Exponential vs. Linear Time in Ruby
Visualizing exponential vs. linear growth is as simple as plotting y = x
vs. y = x^2
. Recognizing it in your code is another thing.
Let’s say we are given an array. Our boss tells us we need to check that array for duplicates and give them back an array with only unique elements. “If I see one duplicate you’re fired!”
Wow they’re not messing around. To be safe we decide to start with an empty array and add each element from our starting array to it, but only after making sure it’s not in there already.
def random_array size
Array.new(size) { rand(1..size) }
end
def check_for_dupilicates_in_array check_array, final_array
check_array.each do |element|
final_array.push element if !final_array.include? element
end
final_array
end
random_array
gives us our starting product to modify and check_for_dupilicates_in_array
describes our first frantic attempt at doing our job. To start off we’ll be reviewing arrays of size 10,000.
check_for_dupilicates_in_array random_array(10000), Array.new
Then it happens. Like the great razor blade war of whatever year they came out with those 6 blade razors, people wanted bigger arrays. We stopped reviewing arrays of 10,000 and started reviewing arrays of 100,000. Our work output suffers, significantly more than anticipated.
We reach out for help and a friend informs us of a feature we had all along in ruby called benchmark
that would allow us to see how long it takes for us to do something.
require "benchmark"
# our working code here
Benchmark.bm do |bm|
bm.report("1E4: ") { check_for_dupilicated_in_array(random_array(1000), Array.new) }
bm.report("1E5: ") { check_for_dupilicated_in_array(random_array(10000), Array.new) }
bm.report("1E6: ") { check_for_dupilicated_in_array(random_array(100000), Array.new) }
end
user system total real
1E4: 0.010000 0.000000 0.010000 ( 0.003280)
1E5: 0.250000 0.000000 0.250000 ( 0.249644)
1E6: 24.320000 0.040000 24.360000 ( 24.413419)
The jump from 100,000 to 1,000,000 does a great job of showing the exponential growth in time that occurs as we look through an array and examine another nested array along the way.

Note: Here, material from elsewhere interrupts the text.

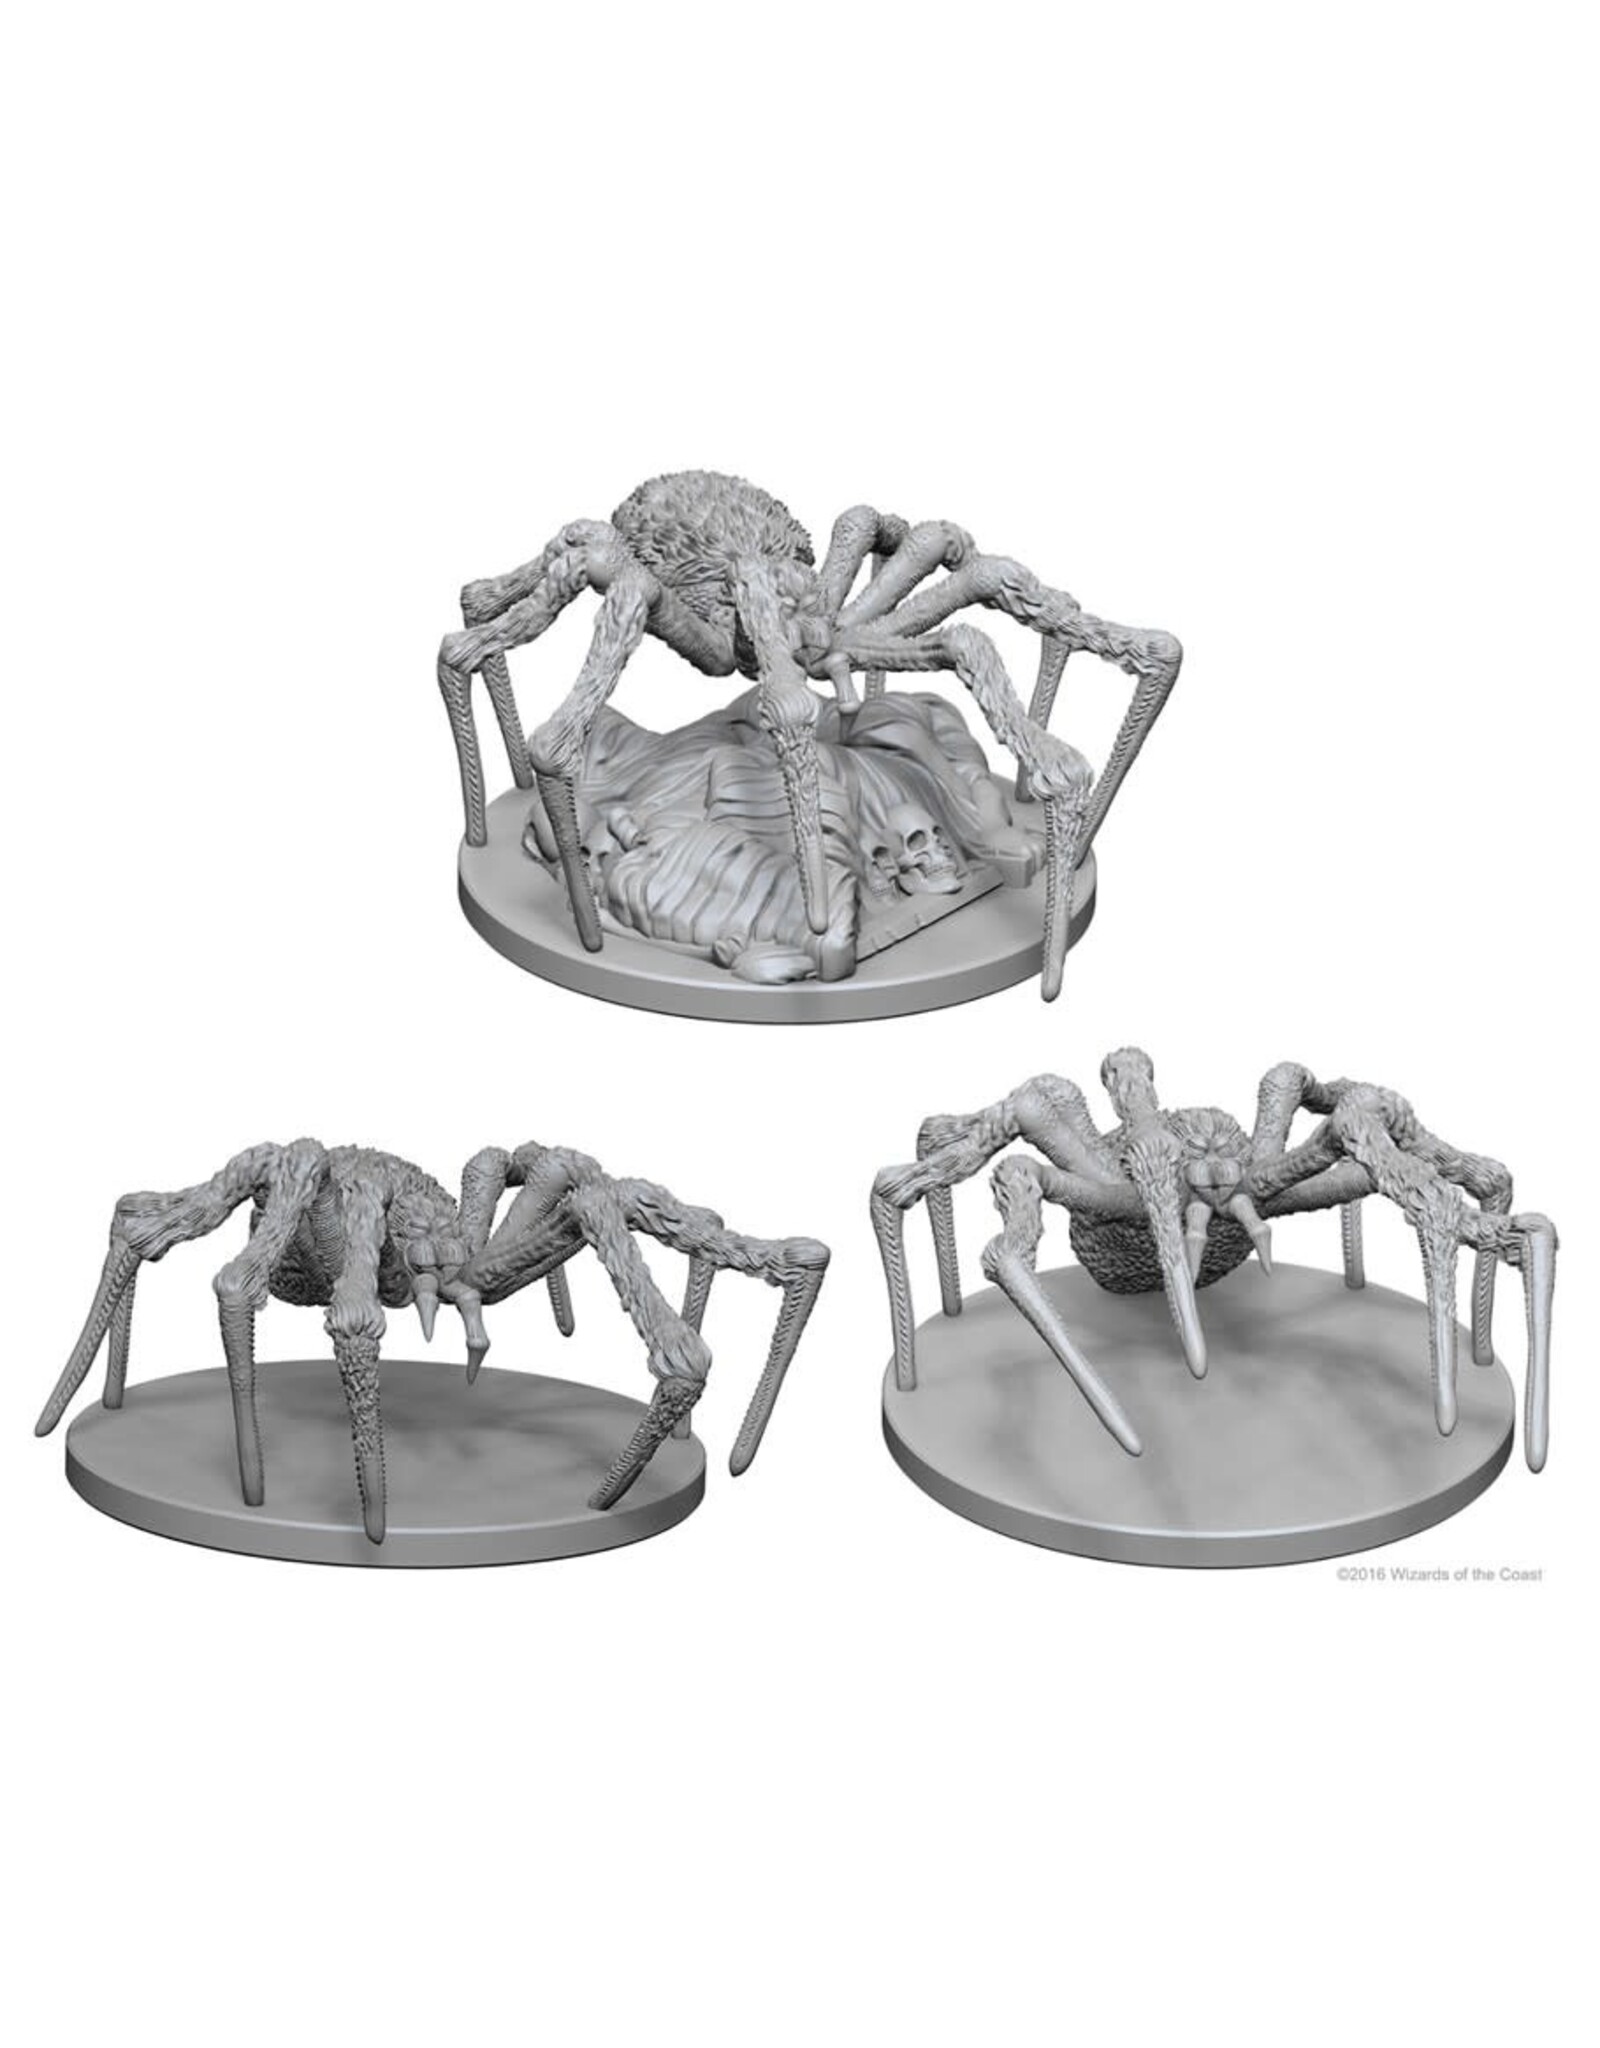 Wiz-Kids D&D Minis: W1 Spiders

Armed with the power to measure our performance, we seek improvements. Array
* Array
= problem, so we call our friend who knew about benchmark
. "Make a hash."
Ok. We make our new method and throw a benchmark in there right away.
## other code
def create_hash_from_array check_array, new_hash
check_array.each do |element|
new_hash[element.to_s] = "1"
end
new_hash
end
Benchmark.bm do |bm|
bm.report("1E4: ") { create_hash_from_array(random_array(1000), Hash.new) }
bm.report("1E5: ") { create_hash_from_array(random_array(10000), Hash.new) }
bm.report("1E6: ") { create_hash_from_array(random_array(100000), Hash.new) }
end
user system total real
1E4: 0.000000 0.000000 0.000000 ( 0.001319)
1E5: 0.010000 0.000000 0.010000 ( 0.010179)
1E6: 0.150000 0.000000 0.150000 ( 0.156402)
This time we’re just creating a hash with a key for each element of the array and setting the value to one. If we come across the same element twice, we will just be updating the key:value
pair to one. Once per element == Linear Time
. The time growth isn’t exactly linear but it’s clearly not exponential.
We just realized though, our boss needs an array. So we ask our friend Benchmark
but this time start with our job description. They tell us about .uniq
, which comes as part of Array
in ruby.
require "benchmark"
Benchmark.bm do |bm|
bm.report("1E4: ") { random_array(1000).uniq! }
bm.report("1E5: ") { random_array(10000).uniq! }
bm.report("1E6: ") { random_array(100000).uniq! }
end
user system total real
1E4: 0.000000 0.000000 0.000000 ( 0.000923)
1E5: 0.010000 0.000000 0.010000 ( 0.009700)
1E6: 0.090000 0.000000 0.090000 ( 0.091487)
Here as we measure the performance of calling .uniq!
on arrays growing by a factor of 10 we are not disappointed. Our frantic methods are dominated by the years of improvements and fundamentals built into the Ruby
core. Not only is calling uniq
the most efficient, but the increase in execution time most closely resembles linear growth.